Maintaining Your Piercings 

  • To avoid bacteria and foreign objects entering the body, ensure your piercing is performed with a sterile object and that the jewelry inserted is also sterile.
  • All fresh piercings release a gummy, white, or off-white discharge that collects around the openings and on the jewelry to form a crusty formation.

How to take care of a new one

  • Unless you are cleaning the new piercing, avoid touching it. Before cleaning the piercing, always wash your hands with soap and water.
  • Use antibacterial soap to wash the pierced area. Gently scrape away any crusty clumps, then rinse the soap away.
  • Saltwater soaks are effective at breaking up hardened deposits. You can make salt water by dissolving 1/4 teaspoon of salt in 1 cup of clear water.
  • Never clean the area with alcohol or peroxide. These will make your skin dry. Gold jewelry will become discolored by betadine.
  • When cleaning the inside of nostril, use saline solution, which is easily accessible at any pharmacy.
  • avoid applying antibiotic ointments.
  • Throughout the healing process, always wear clean clothes, and alternate your bed linens every week. The piercing might become irritated by sweat and clothing rubbing against it.
  • Avoid applying powder or makeup to the area where you had your ears or face pierced while it heals. If using hairspray, cover the pierced area with a tissue.
  • Wear loose clothing after body piercings. Avoid wearing bulky belts, bodysuits, or stockings after getting your navel pierced.

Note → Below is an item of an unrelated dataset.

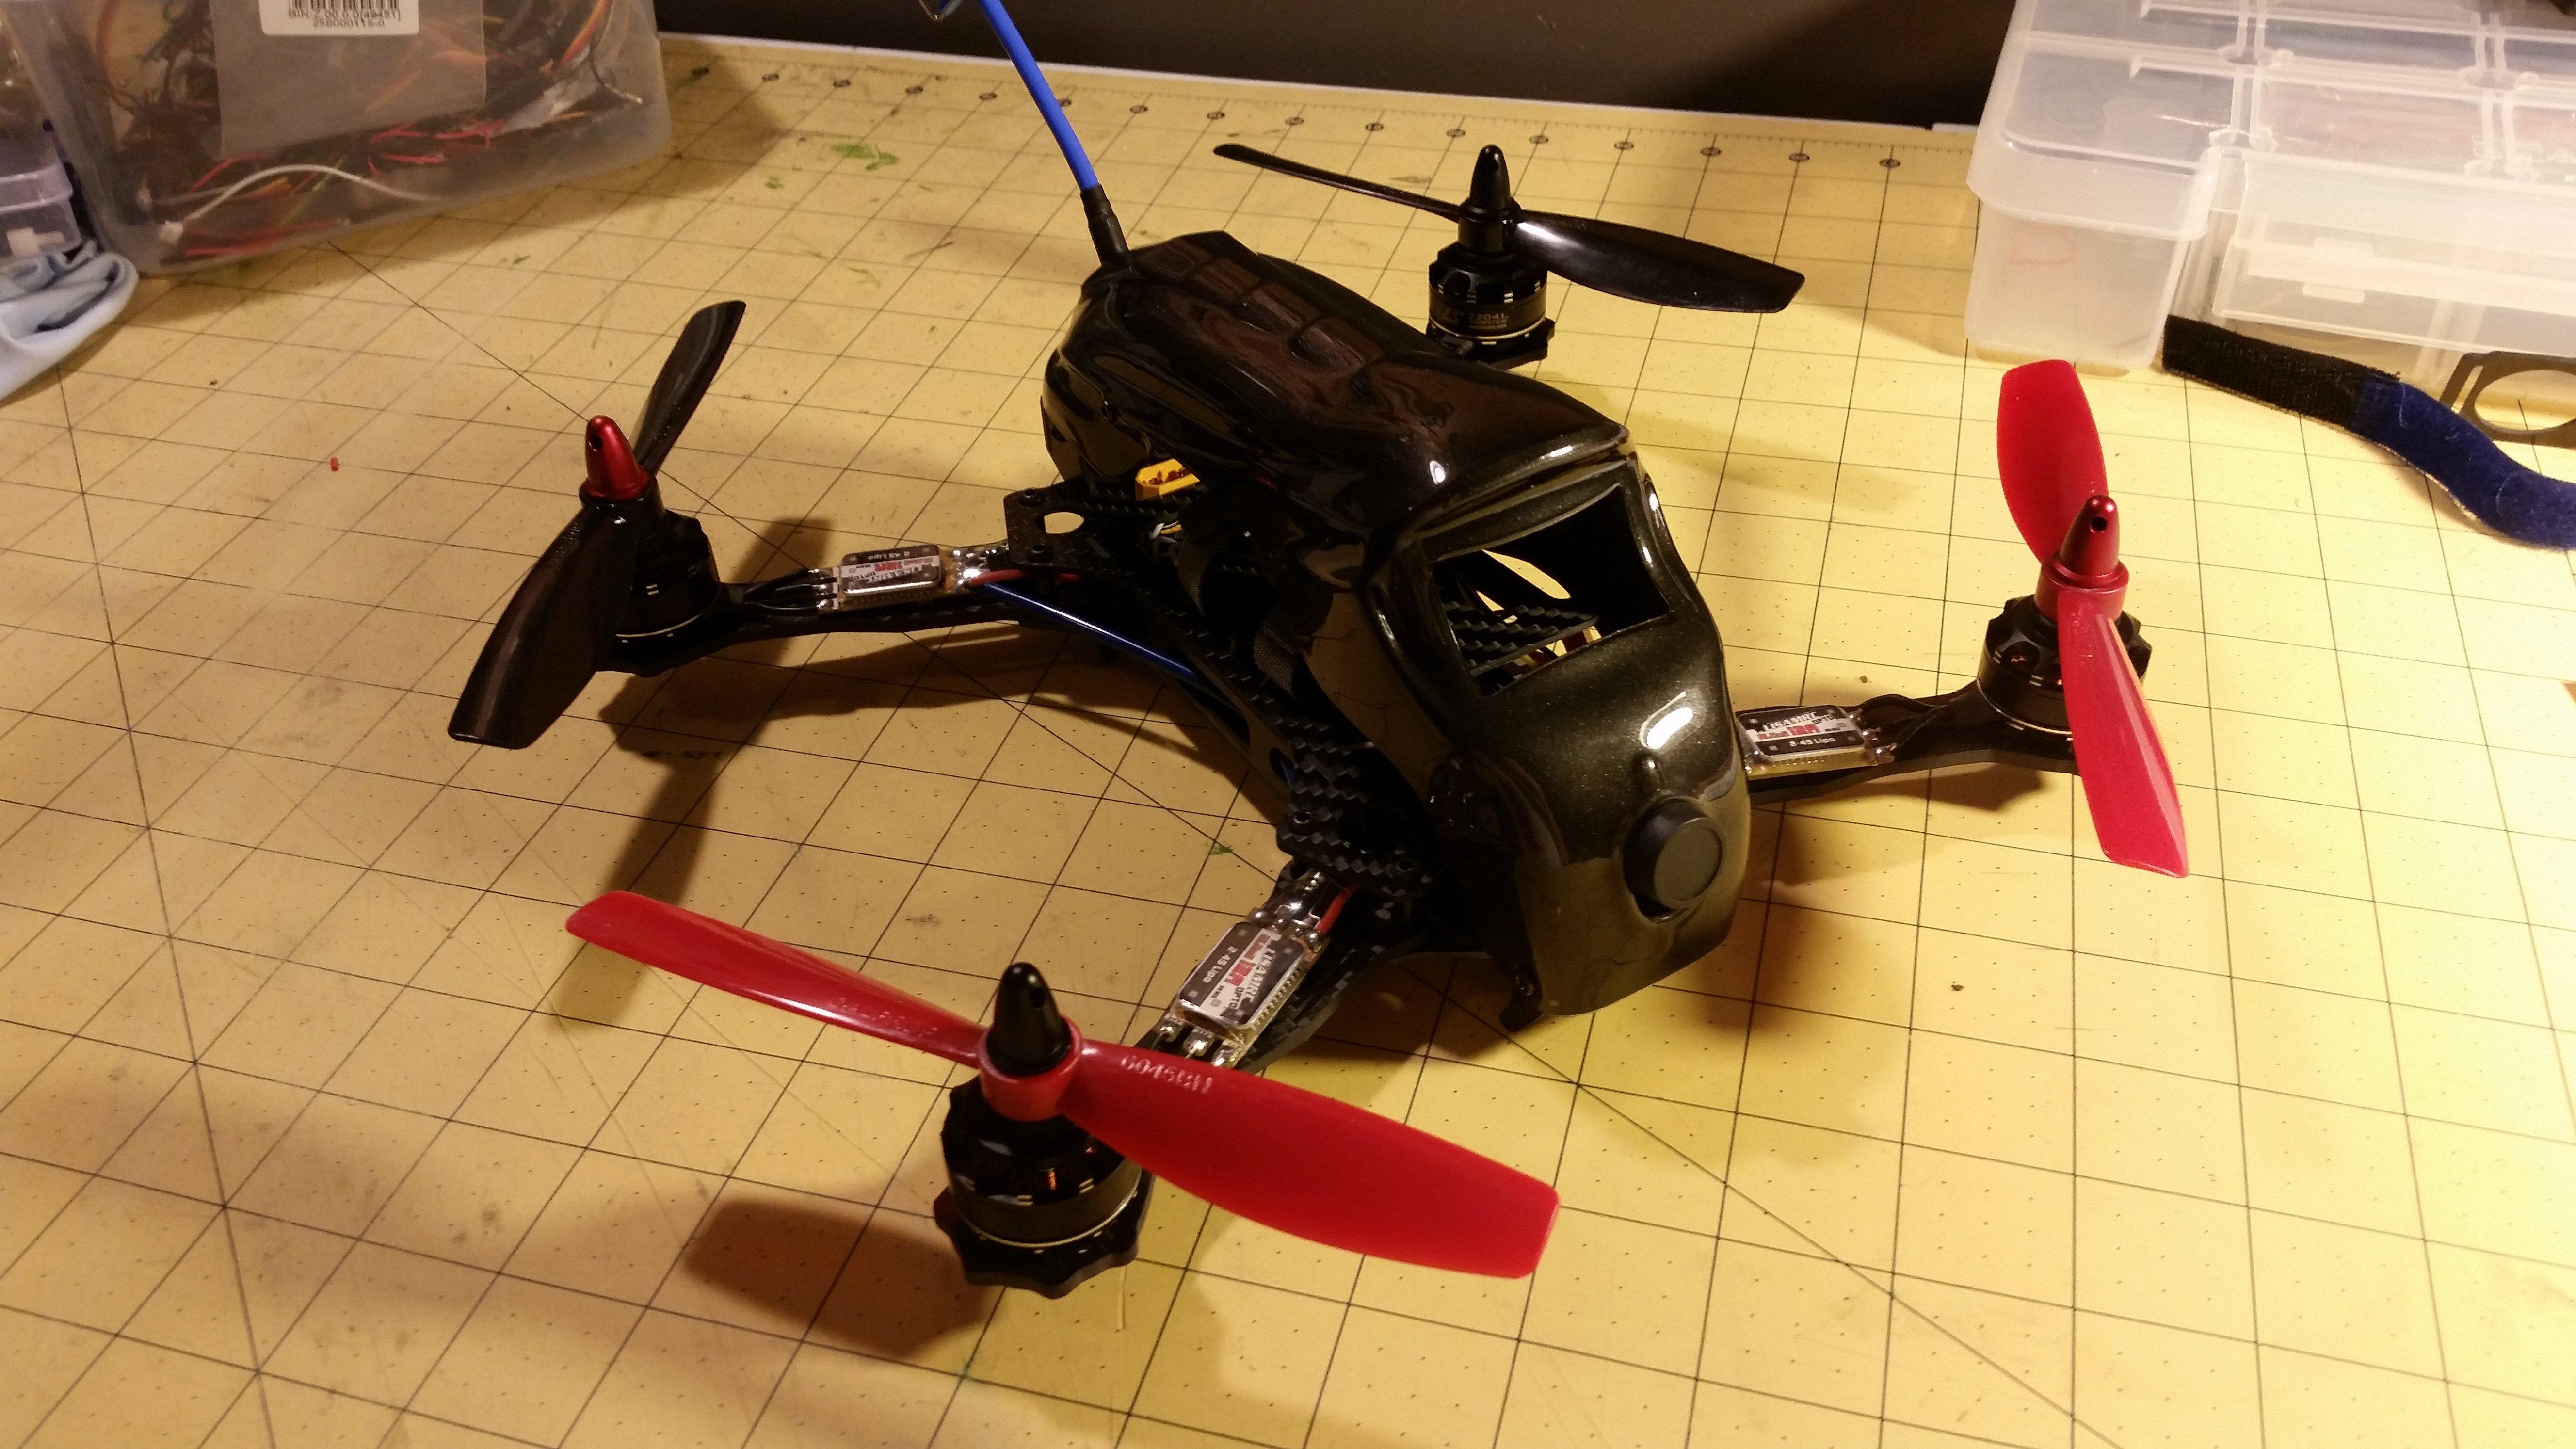 REVIEW: Lisam RC Keel-270 ARF | Flite Test

Also, avoid sleeping on your stomach. It’s critical for healing that the air is moving.
piercing the body

Sensitivity to Jewelry or Cleaning Products Symptoms could include:

  • Redness.
  • Irritation.
  • When the piercing is cleaned, they are itching or burning.
  • A rash developed around the piercing.
  • Piercers advise nontoxic metals like surgical steel14K or 18K yellow gold, 18K palladium white gold, niobium, or titanium to prevent infections or reactions from the jewelry.

Infection indicators

If you experience any of the following symptoms following a piercing:

  • The ache persists for more than a day or two.
  • heightened discomfort, unusual discomfort, or swelling at the piercing site
  • It is warm to the touch there.
  • We are starting from the harsh red lines.
  • pus, oozing or bleeding at the piercing site
  • Before seeing your healthcare provider, avoid taking off your jewelry. If the jewelry is removed, the piercing’s openings could close and contain the infection, leading to an abscess.
Dental Health and Oral Piercing
  • Anywhere jewelry is inserted into a piercing, the risk of infection or sensitivity exists. However, the American Dental Association asserts that there are some unique, additional risks associated with mouth piercings.
  • There are millions of bacteria in the mouth. Because the mouth cannot sterilize entirely, oral piercing or tongue splitting can be dangerous.
  • regressing gums
  • Teeth that are broken or chipped.
  • Extra spittle.
  • poor breath
  • Mouth tastes of metallic substance.
  • Only click your oral piercing against your teeth if you already have one. Regular dental visits, twice-daily tooth brushing, and flossing are all recommended.

What so ever piercing is an art that anyone should follow.